My father’s example to me was piss-poor, but I still needed him in my life. My adolescence was a troubled time, as adolescence often is. Not knowing my father well left me with huge holes in coming to know myself. I could give tons of examples where he neglected me – from living 1500 miles apart, to showing up once a year to drop me off at camp, to never once coming to see me play sports or act in a play, to scoffing at my skateboarding. I would have traded camp and the lavish gifts for a weekend of undivided attention from my sober father. He could have taught me to shave. Yeah, probably the most pivotal point of transforming from boy to man, I was alone because my father had neglected his duty to his son. I think of that now as my son deals with acne and searching for whiskers on his smooth young skin.
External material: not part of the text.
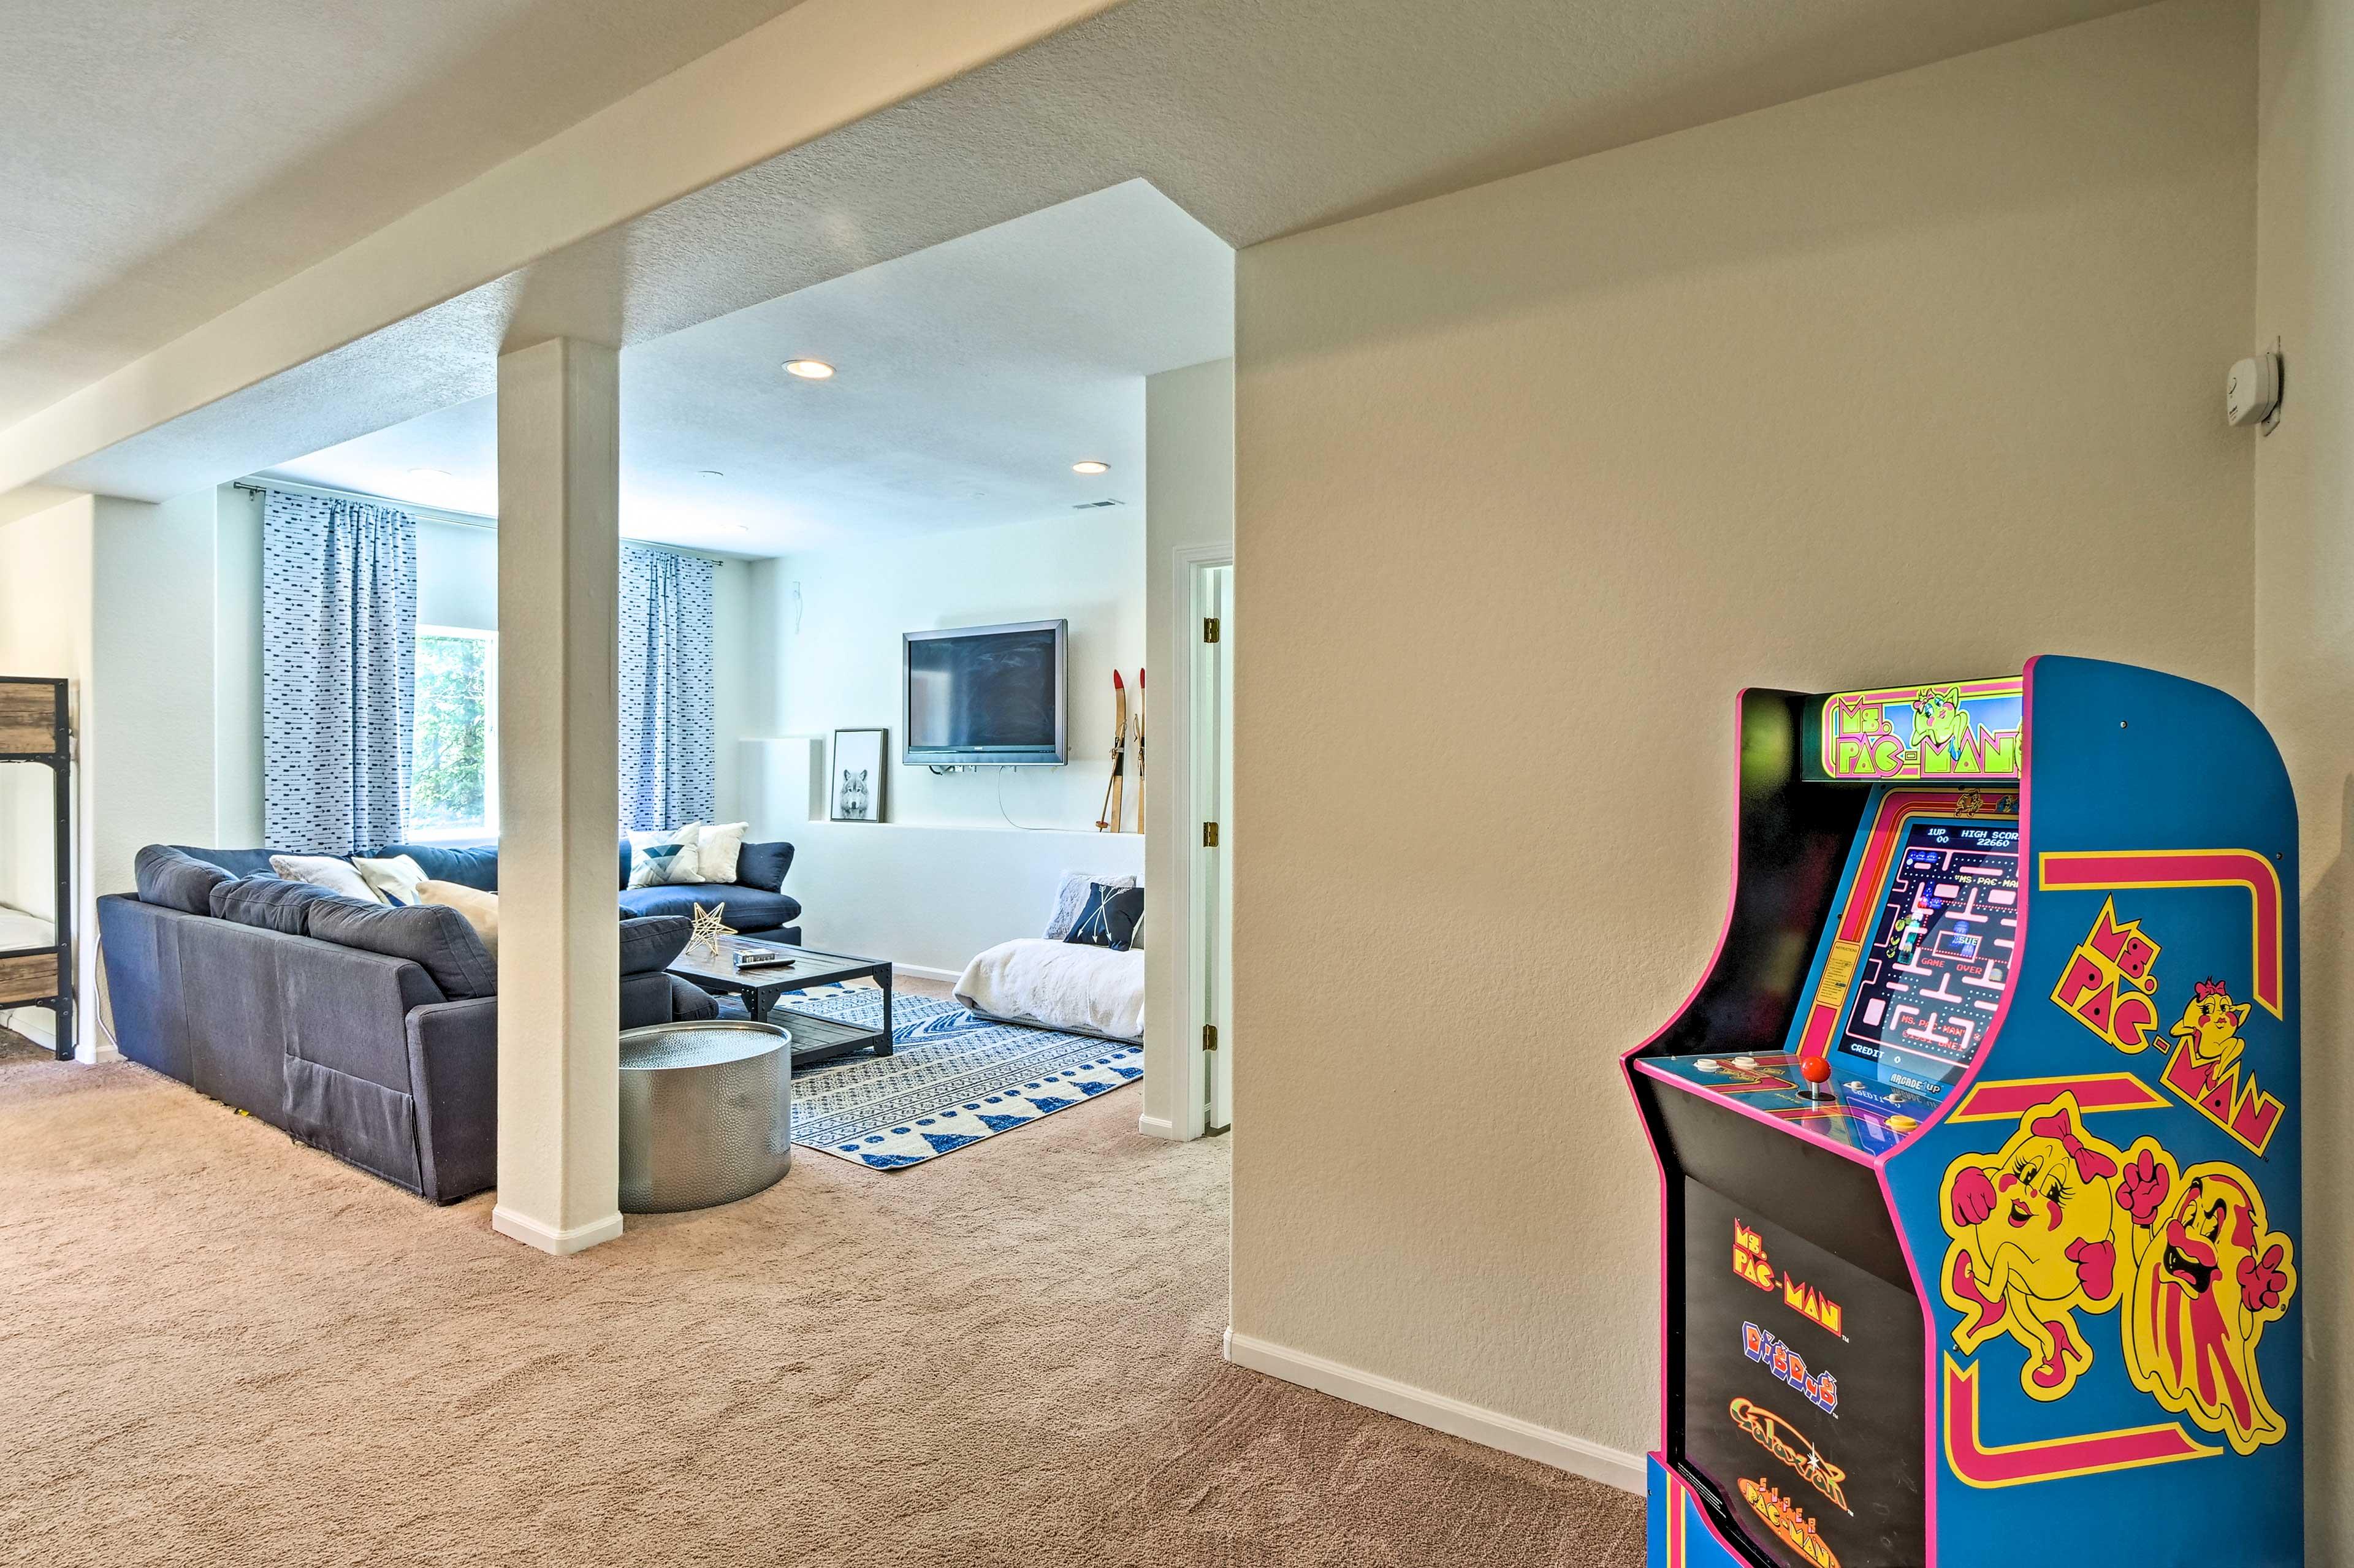 Lower-Level Living Room   Ms. Pac Man Arcade Machine

With single-parent families becoming more common, the traditional family unit is harder to find. Courts generally keep children with the mother in custody cases, but it remains imperative that the father strives to maintain access to his children, however limited. Yes, there are extreme situations where no contact is better, but in my opinion having a relationship with both parents is crucial. Even if one parent is a poor example, it is better for the child to have discovered this for themselves, as unanswered questions and biased perceptions impair the youngster’s development through adolescence and self-discovery. Lela’s older half-brother knew his father who sounds like he would have liked hanging out with my dad; in the end, though his father was a poor example, he chose to buck the trend knowing he was swimming against the flow. I don’t have that and it still hurts.

The onus is on parents to maintain these relationships in safe and mutually acceptable venues. When parents use children as weapons in custody battles, or allow their own opinions of each other to cloud their parental judgment, it is the child who suffers the most. Parents need to remember that just because somebody is a bad partner, it does not make him or her a bad parent.

A child needs to know who his parents are first-hand. A boy needs to know who his father is, unfiltered by those who either love him or hate him.

There are always going to be situations where the parents are absent through no fault of their own; they may be sent to war or pass away from an illness or tragic accident. Sometimes, absence is unavoidable. Addiction, laziness, or personal disputes between parents aren’t acceptable excuses. They will damage the children in ways adults cannot foresee.

Becoming a parent isn’t something that should be taken lightly. It is a lifelong commitment, and as a parent, your duty is to do your very best by your child. Your own wants and desires are secondary to the development and nurturing of your offspring. If, for instance, you have an addiction, you need to seek the help that is available — not tomorrow, not after “one last binge”—now. If you are in dispute with your ex-partner, resolve it. If you are scared your child will reject you, risk it.

Don’t be an absentee father. However long it has been, whatever mistakes you have made, pick up the phone and make the call. You’re a parent—and you owe that to your child.

In seeking to identify the problems that exist within our society that might cause young men to be so angry that they want to kill strangers, the absence of fathers in so many homes stood out to me. Dads, where are you?